I know how to handle a gun and shoot, I have not had a gun since and old 32 30 years ago. I want the gun to range/target shoot and for home safety.

HELP.....


----------



## VAMarine (Dec 25, 2008)

*http://www.handgunforum.net/general-semi-auto/21926-trigger-types-defined-explained.html

http://www.handgunforum.net/general-semi-auto/22239-selecting-handgun-self-defense.html*

*http://www.handgunforum.net/general...selecting-handgun-defense-pt-2-revolvers.html

http://www.handgunforum.net/sig-sauer/22606-sig-model-reference-guide-end-2009-a.html
*
*http://www.handgunforum.net/general...-reference-guide-revised-2009-12-26-long.html*


----------



## mbrown202 (Jan 20, 2012)

excellent, very informative. I like the ease of a Glock but worried the trigger system is not as safe as a 1911.


----------



## VAMarine (Dec 25, 2008)

mbrown202 said:


> excellent, very informative. I like the ease of a Glock but worried the trigger system is not as safe as a 1911.


A properly maintained and functional firearm is perfectly safe as long as the one handling the gun is being safe. I have no issues with Glock triggers/actions but do prefer a manual safety, mostly as that it what I'm used to. There are many good options similar to Glocks that have a manual safety of some sort.

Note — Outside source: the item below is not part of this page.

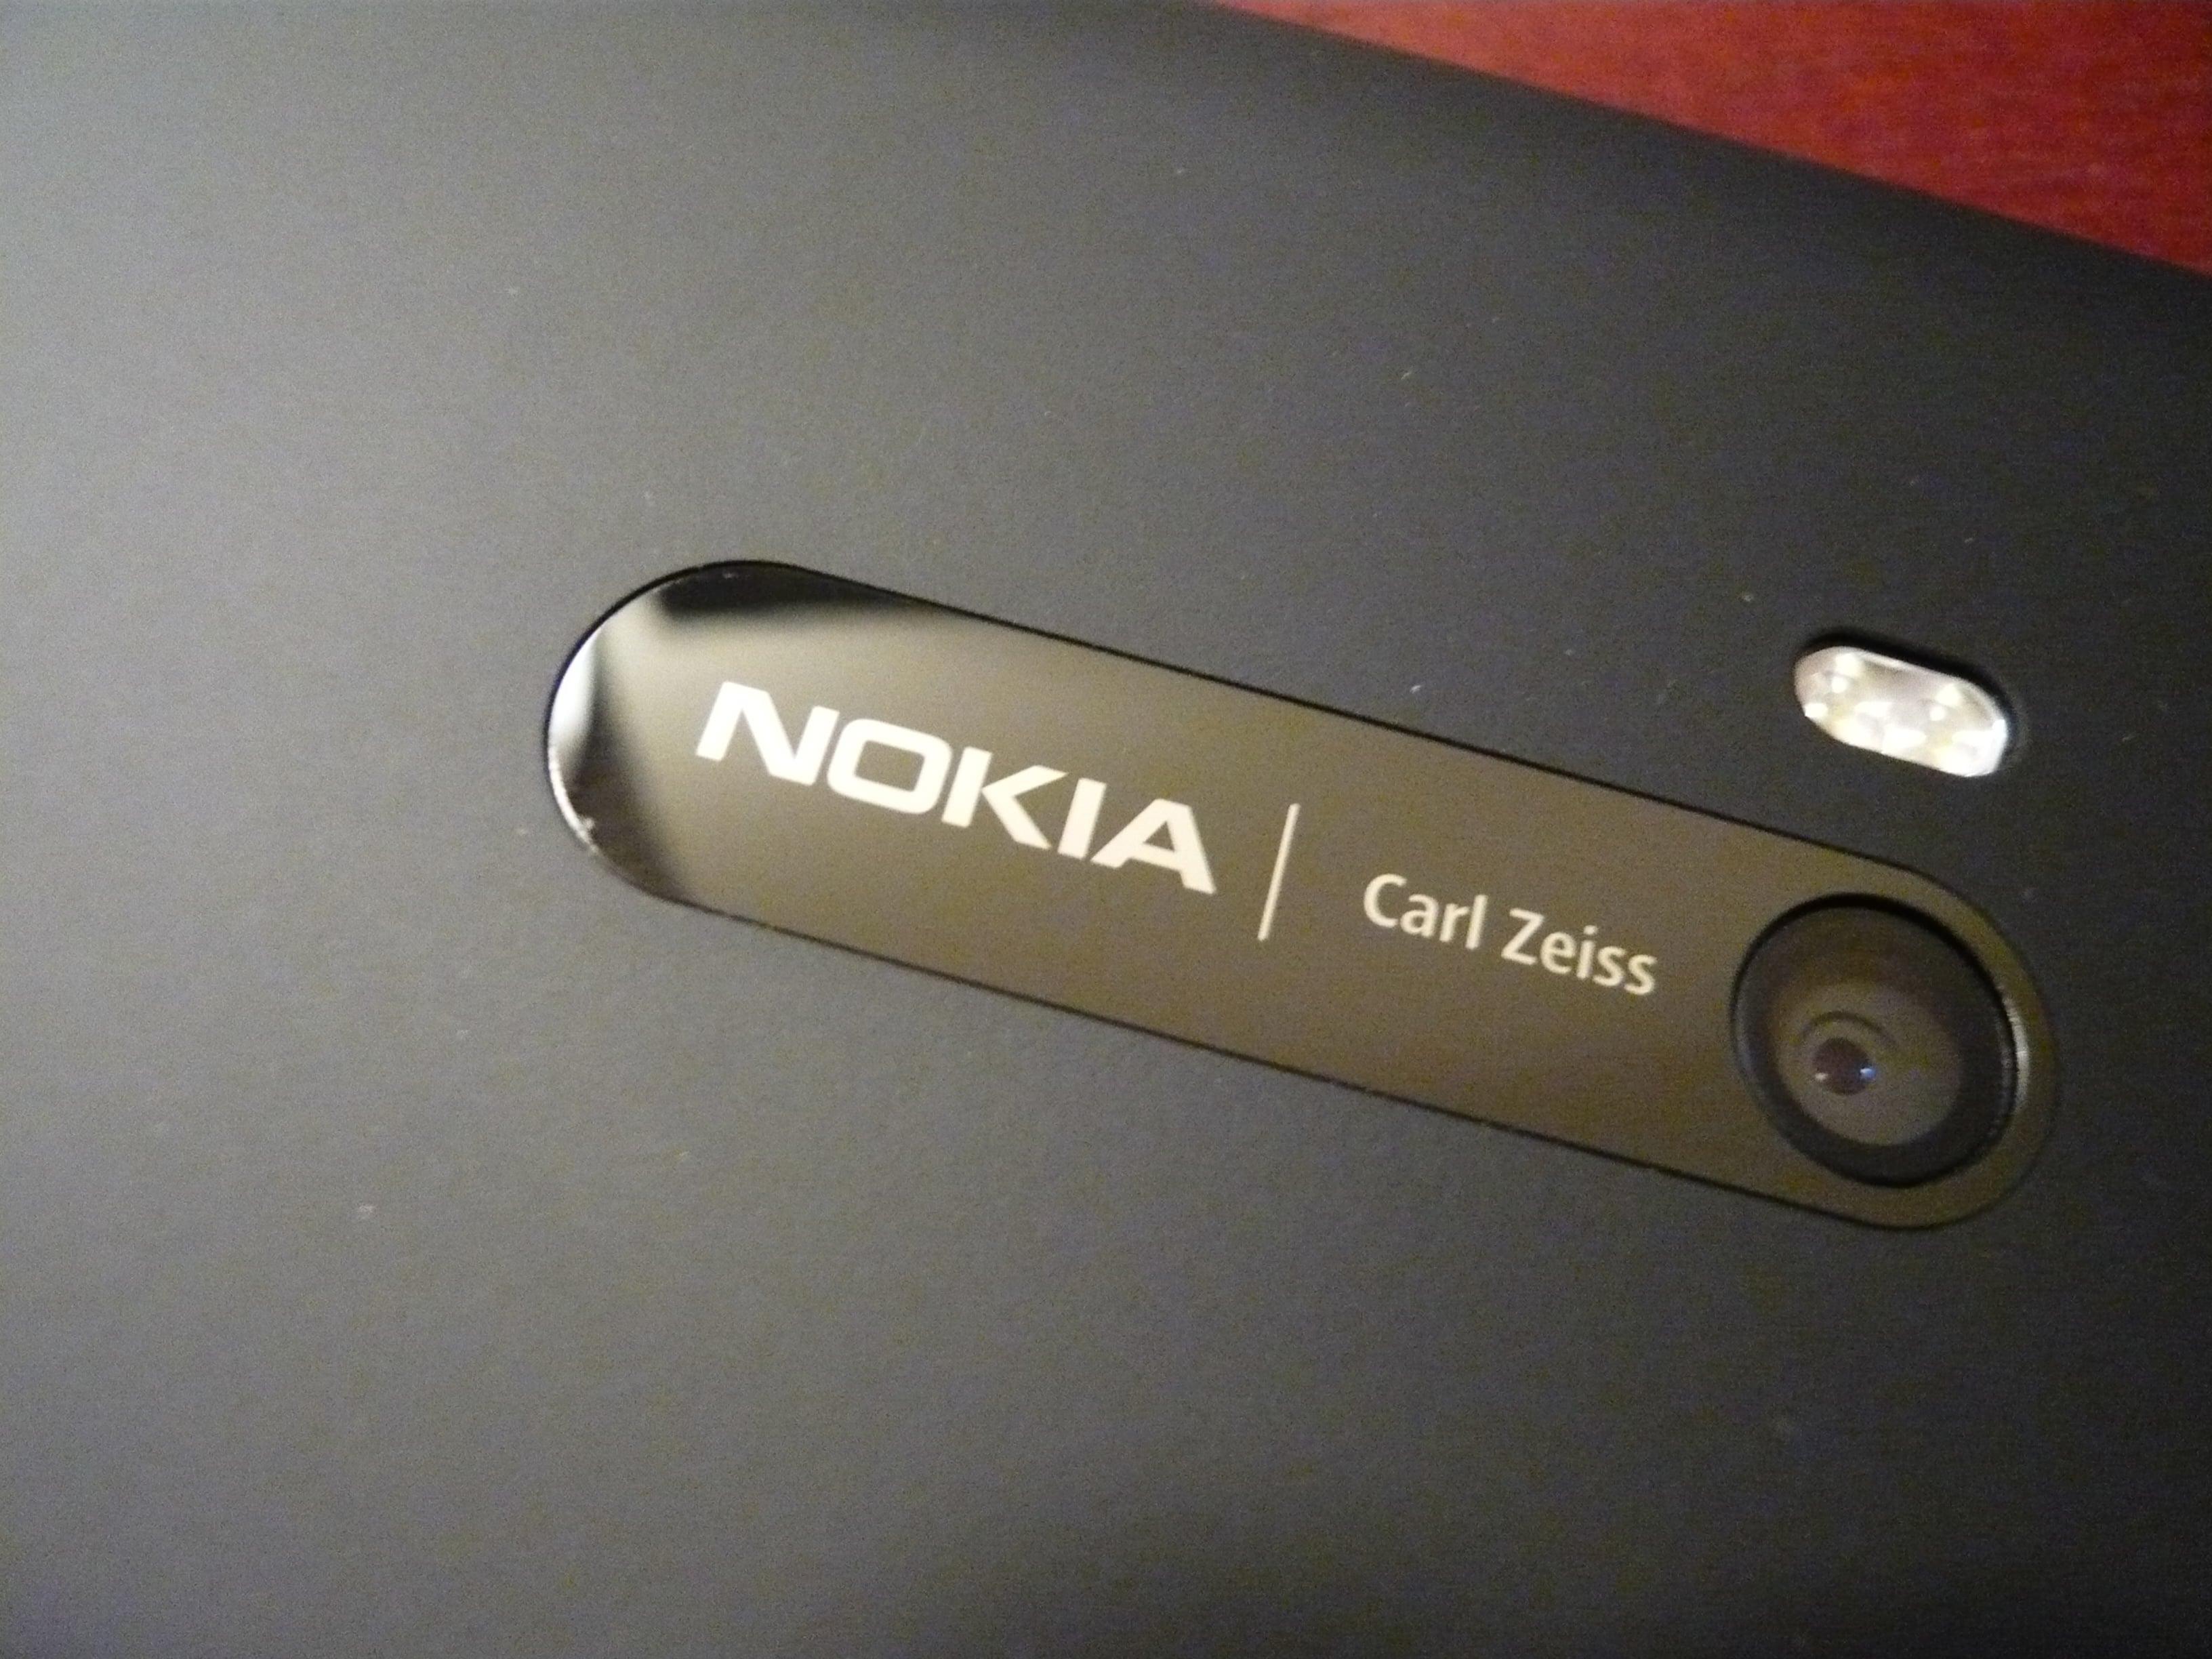 Uwaga, uwaga! Powrócą smartfony Nokii z optyką Carl Zeiss! 18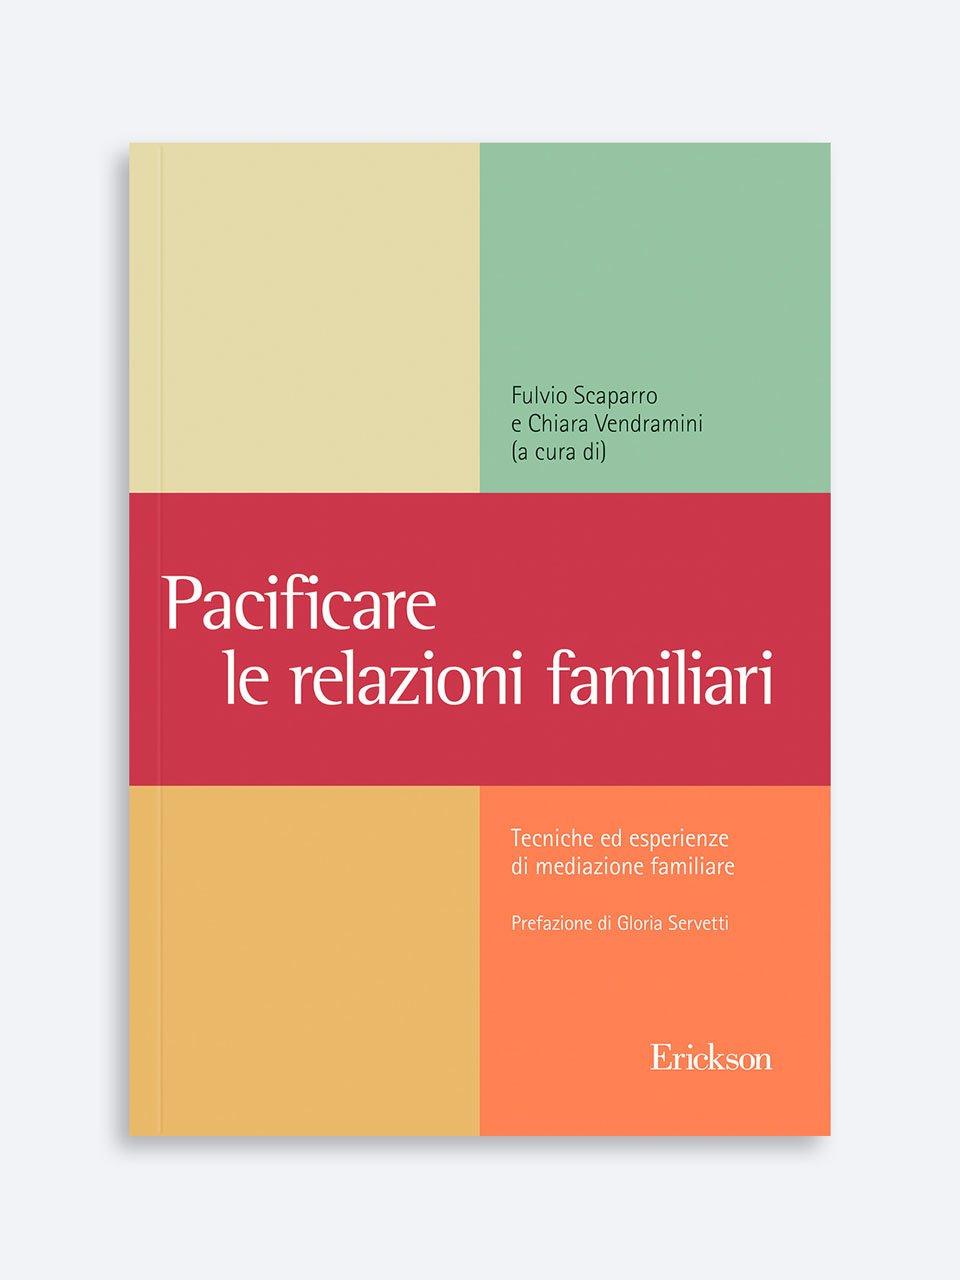 Pacificare le relazioni familiari - Dalla tua parte - Libri - Erickson

The S&W M&P with thumb safety is generally what I recommend for those looking for a "Glock-like" polymer gun with a manual safety.


----------



## mbrown202 (Jan 20, 2012)

thanks, i will look at one. I really appreciate your offering your expertise, and all the info on manufacturers


----------



## chessail77 (Mar 15, 2011)

Take a good look at a Sig SP2022, many believe is the best kept secret in firearms, also; the S&W m&p mentioned above is also an excellent choice. Both have a lifetime warranty and excellent CS......JJ


----------



## denner (Jun 3, 2011)

VAMarine said:


> *http://www.handgunforum.net/general-semi-auto/21926-trigger-types-defined-explained.html
> 
> http://www.handgunforum.net/general-semi-auto/22239-selecting-handgun-self-defense.html*
> 
> ...


Should be mandatory reading for anyone getting into firearms and concealed carry. It would save alot of recurrent "what do you think, or what should I get post's".


----------



## dondavis3 (Aug 2, 2009)

Great info VAMarine as usual :mrgreen:

I second the Sig P2022 - it's a great gun IMHO










You might also look at the Beretta PX 4 - wonderful gun










And then the FNX 9










All three are DA/SA guns - I like hammer fired guns compared to striker fired guns.

All 3 are high quality guns..

:smt1099


----------